Vous aimez imaginer des intérieurs harmonieux, optimiser une petite surface ou donner du caractère à un lieu de vie, mais vous vous demandez surtout si ce métier permet de travailler pour vivre correctement ? C’est une excellente question. L’architecture intérieure peut offrir une carrière créative, concrète et rémunératrice, à condition de choisir une formation cohérente, de développer une vraie expertise technique et de ne pas idéaliser l’indépendance dès la sortie des études. Voici un guide lucide pour transformer votre goût de la décoration et de l’espace en projet professionnel viable.

Premier point essentiel : il n’existe pas vraiment de « BTS architecte d’intérieur »

La requête est fréquente, mais il est important de clarifier les intitulés. En France, il n’existe pas de diplôme national couramment nommé BTS architecte d’intérieur. Plusieurs parcours peuvent néanmoins mener aux métiers de la conception d’espaces, de l’agencement et de l’architecture intérieure.

Le plus proche au niveau bac+2 est le BTS Étude et réalisation d’agencement (ERA). Il forme à la conception technique et au suivi de projets d’agencement : relevés, plans, matériaux, coûts, préparation de chantier et coordination. C’est une voie très solide pour intégrer rapidement une entreprise d’agencement, un bureau d’études, une menuiserie haut de gamme, une enseigne spécialisée ou une agence.

Si votre objectif est davantage la création d’ambiances, la conception globale d’un lieu et la direction artistique d’un projet, le DN MADE mention espace, en trois ans après le bac, est souvent plus aligné. Des écoles spécialisées proposent aussi des cursus en architecture intérieure, parfois jusqu’au bac+5.

💡 À retenir avant de vous inscrire

Un BTS ERA permet d’acquérir une excellente base technique et d’entrer dans la vie active. En revanche, il ne suffit pas automatiquement à se présenter comme architecte d’intérieur sur des missions complexes. Pour viser la reconnaissance professionnelle la plus élevée du secteur, regardez les formations reconnues par le Conseil français des architectes d’intérieur (CFAI), généralement construites sur cinq années d’études après le bac.
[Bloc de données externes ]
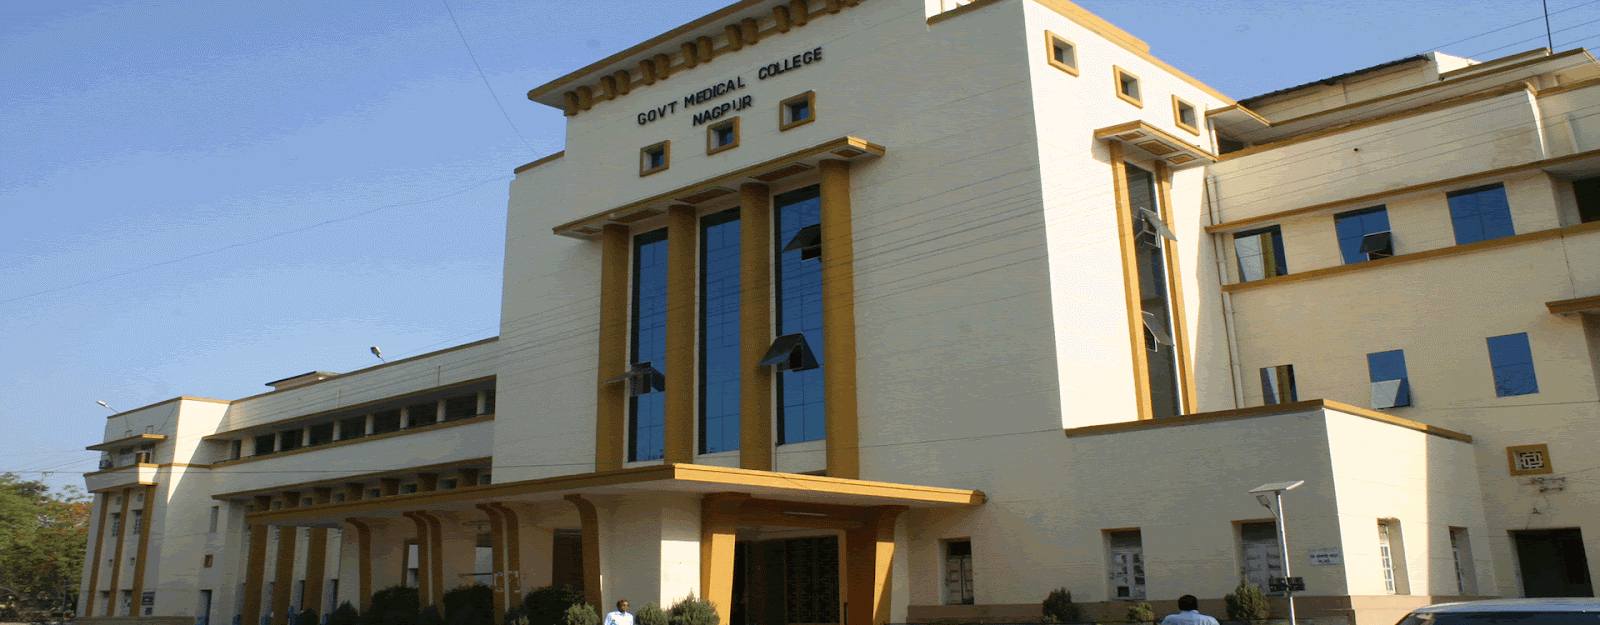 Govt Medical College Nagpur
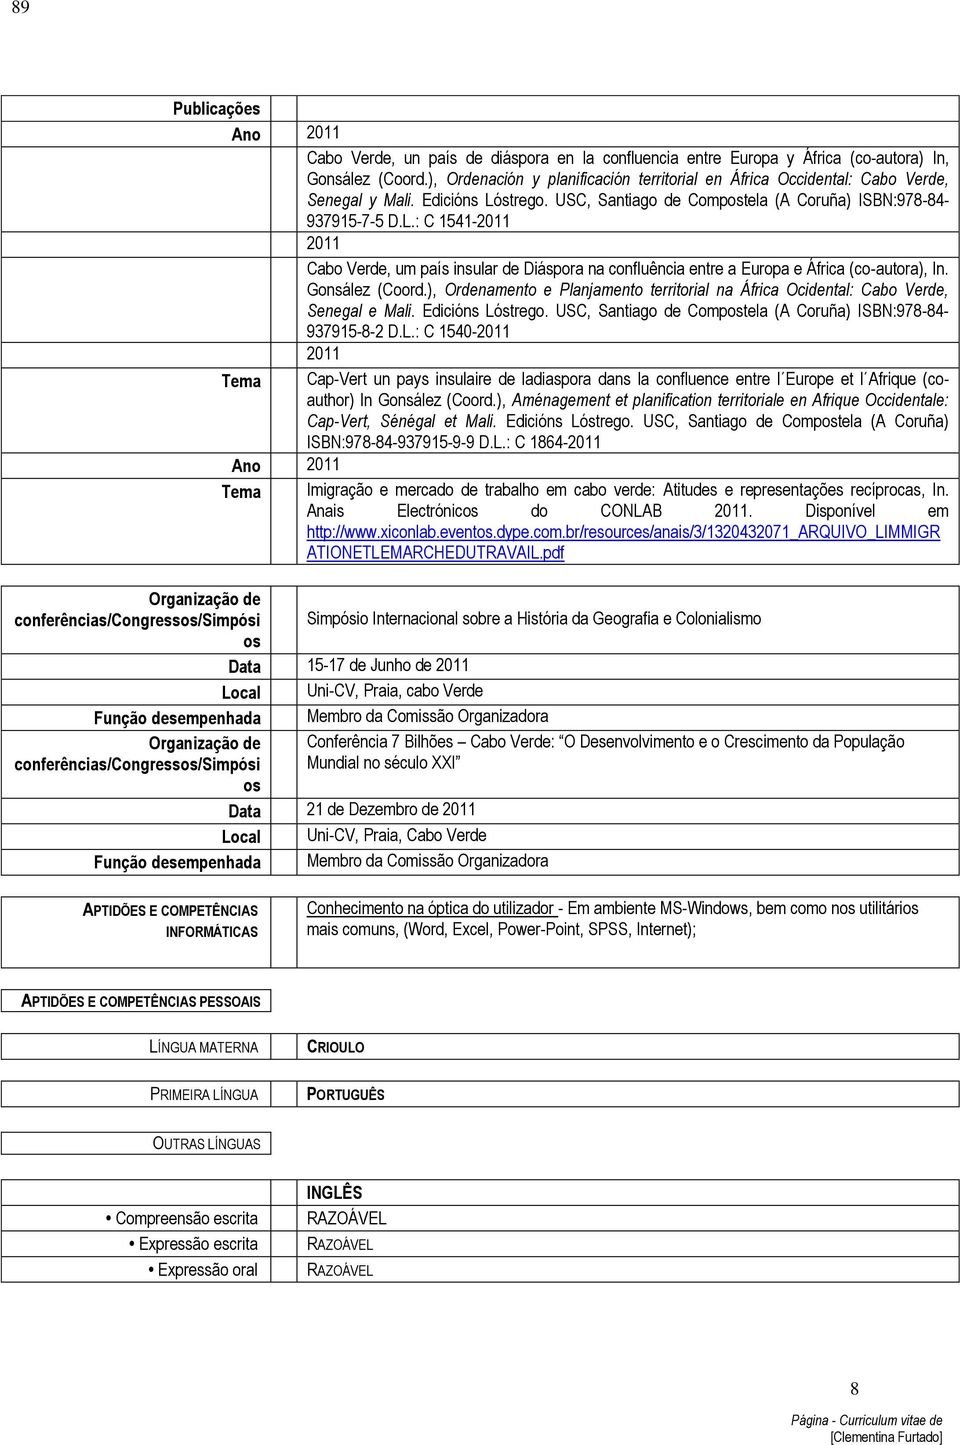 strego. USC, Santiago de Compostela (A Coruña) ISBN:978-84- 937915-7-5 D.L.: C 1541-2011 2011 Cabo Verde, um país insular de Diáspora na confluência entre a Europa e África (co-autora), In.

Enfin, ne confondez pas architecte d’intérieur et architecte. L’architecte est une profession réglementée, avec des règles précises d’exercice. L’architecte d’intérieur conçoit et transforme les usages, les volumes, les circulations, les matériaux et l’ambiance d’un espace existant ; selon l’ampleur des travaux, il travaille avec des artisans, maîtres d’œuvre, bureaux d’études et parfois un architecte.

Quel parcours choisir pour accéder à un métier qui paie correctement ?

Il n’y a pas un parcours unique, mais il y a des choix plus stratégiques selon votre besoin de sécurité, votre niveau scolaire et le métier concret que vous imaginez exercer au quotidien.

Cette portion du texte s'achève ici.